Orville Peck: « Bronco »

Avec son identité cachée derrière un masque et se tenant sur la couverture de son deuxième album dans un gilet d’or devant un étalon massif et cabré, il ne serait pas difficile de comprendre pourquoi quelqu’un pourrait penser qu’Orville Peck n’est qu’un provocateur, venu pour mettre à mal le monde de la country – l’un des genres musicaux les plus conservateurs et les plus provocants. En effet, il n’y aurait rien de mal à ce qu’il fasse exactement ça. C’est ce qu’a fait le rappeur Lil Nas X dont le « Old Town Road » est devenu l’un des plus grands titres de tous les temps.

Mais en écoutant la musique de Peck, il est clair qu’il ne joue pas seulement un jeu. Oui, il a ses hymnes enjoués à la Garth Brooks, mais il y a beaucoup de moments où la gaieté et la solitude se glissent dans ses paroles, tandis que sa musique prend un ton obsédant et mélancolique. Comme si un duo avec Shania Twain ne suffisait pas, l’apparition de son remuant « Dead of Night » dans la dernière sensation de HBO, la série Euphoria, semble destinée à attirer l’attention sur la musique de Peck, et ce au bon moment.

Bronco double presque la durée de sa production enregistrée à ce jour, et il en profite pour mettre en valeur tous les aspects de sa musique, de l’obsédant au carrément ringard. Cela en dit long sur l’état de la musique country à l’ère de Flordia Georgia Line que cet homme masqué dégage facilement plus de personnalité que 90% des stars modernes de la country. Il le fait en se délectant sans vergogne des tendances les plus ridicules et les plus campagnardes de la country hors-la-loi, remplie d’auteurs-compositeurs au cœur brisé qui se prenaient terriblement au sérieux.

La première chanson de Bronco, « Daytona Sand », se termine par un chant à la Bobbie Gentry, et l’album est rempli de percussions et de claquements de mains. L’album comporte également de nombreuses lignes où Peck – un Canadien – se moque gentiment de sa propre obsession pour l’Americana, comme le moment où il est dans un bar, parlant à une femme et « elle me dit qu’elle n’aime pas Elvis / Je dis, « Je veux un peu moins de conversation, s’il te plaît (she tells me she don’t like Elvis / I say, « I want a little less conversation, please).

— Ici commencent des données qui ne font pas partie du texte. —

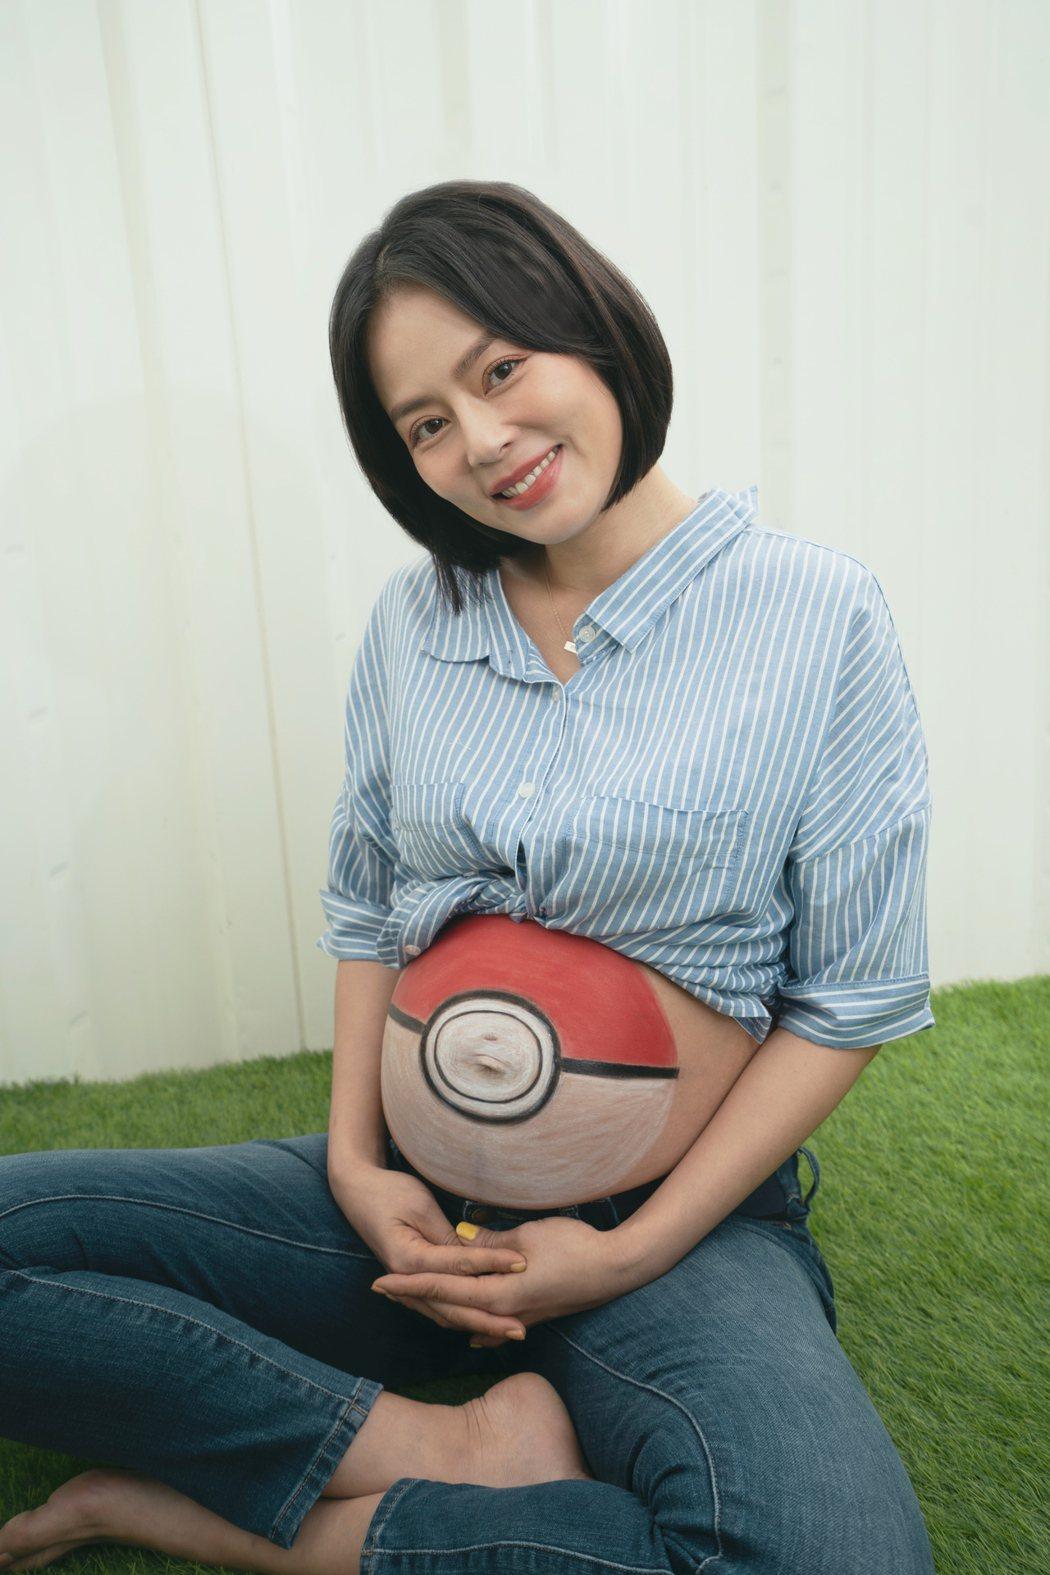 劉香慈生二胎前拍攝逗趣孕婦寫真。圖/動能意像提供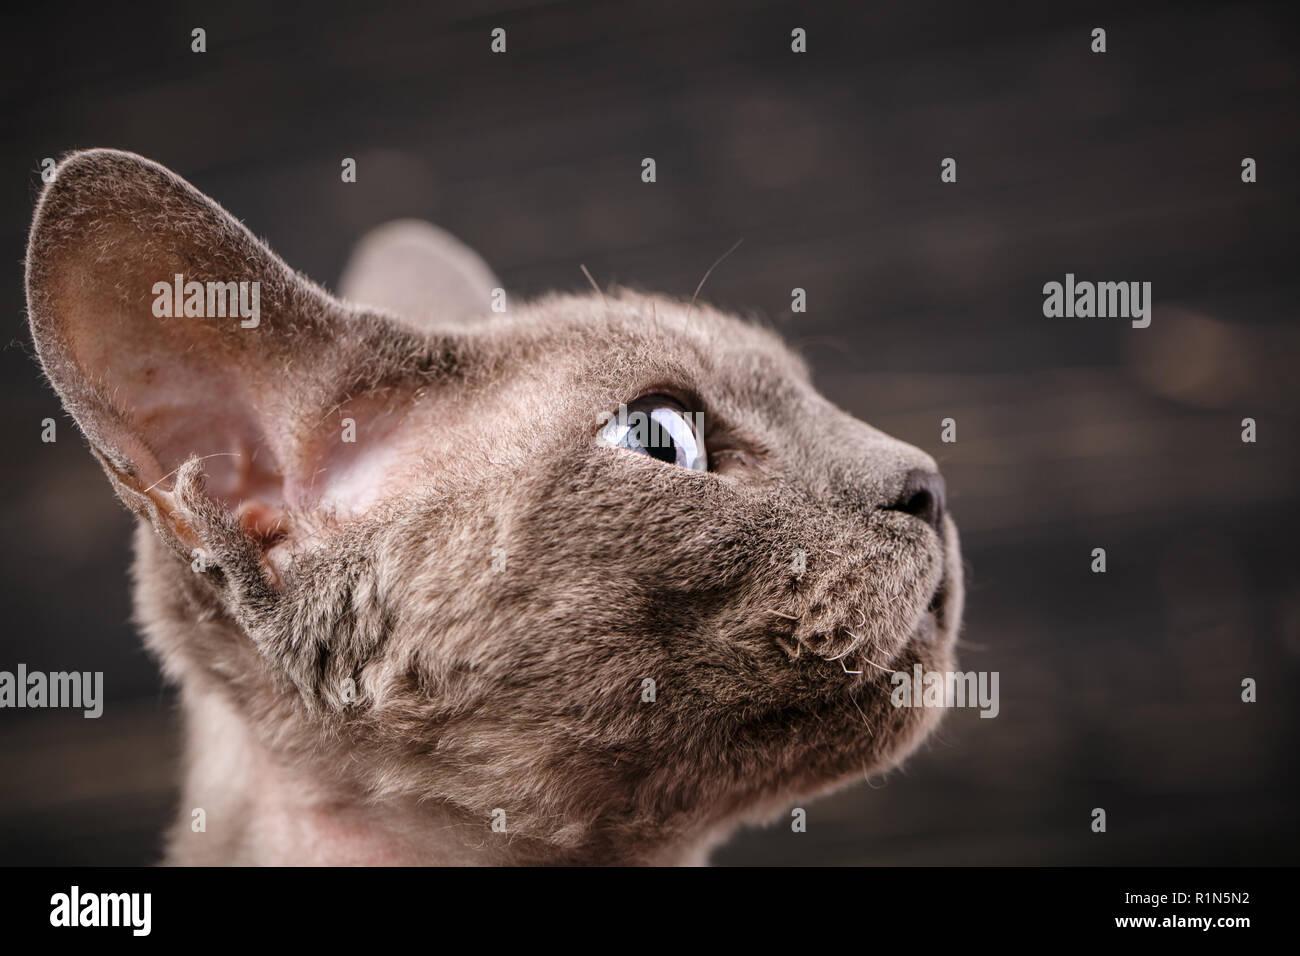 Devon-Rex Katze Nahaufnahme Porträt. Ausstellung von Katzen Konzept. Stockfoto

Parfois, il est un peu trop direct, comme sur « Lafayette » où il déclare « Je me souviens de quelqu’un qui a dit qu’il n’y avait plus de cow-boys / eh bien, ils ne m’ont pas rencontré »(I recall somebody saying that there ain’t no cowboys left / well they ain’t met me), et quelques chansons sont presque indiscernables du genre de foire que vous entendriez sur les stations de radio de l’Alabama n’importe quel jour de la semaine. Mais ces moments occasionnels de cliché sont résolument corrigés par des morceaux comme « The Curse of the Blackened Eye », une histoire de relation abusive où Peck raconte que « j’étais assis l’année dernière en souhaitant tellement de fois que je meure » (I sat around last year wishing so many times that I would die). Le refrain le voit sortir un falsetto qui montre toute l’étendue de sa voix, et il craque aux bons endroits, capturant la même énergie onirique qui a fait de « Dead of Night » la bande-son parfaite pour les rendez-vous nocturnes d’Euphoria.

Le groupe de Peck sur ce disque est presque entièrement composé du groupe canadien de rock indépendant The Frigs, mais malgré leurs penchants habituels, ils font un travail magistral en recréant le son des années de gloire de la country, et fournissent le cadre parfait pour que Peck s’écarte des tempéraments habituels de ces chansons. Les banjos et la guitare slide de « Hexie Mountains » sont prêts pour la route, et « C’Mon Baby, Cry » ressemble à un classique instantané, demandant de la vulnérabilité et ramenant en quelque sorte Roy Orbison à la vie. C’est un son qui a fait ses preuves, mais la perspective de Peck est tout à fait fraîche, et suggère que peut-être tous les paillettes et le camp sont en fait juste Peck étant fidèle à lui-même.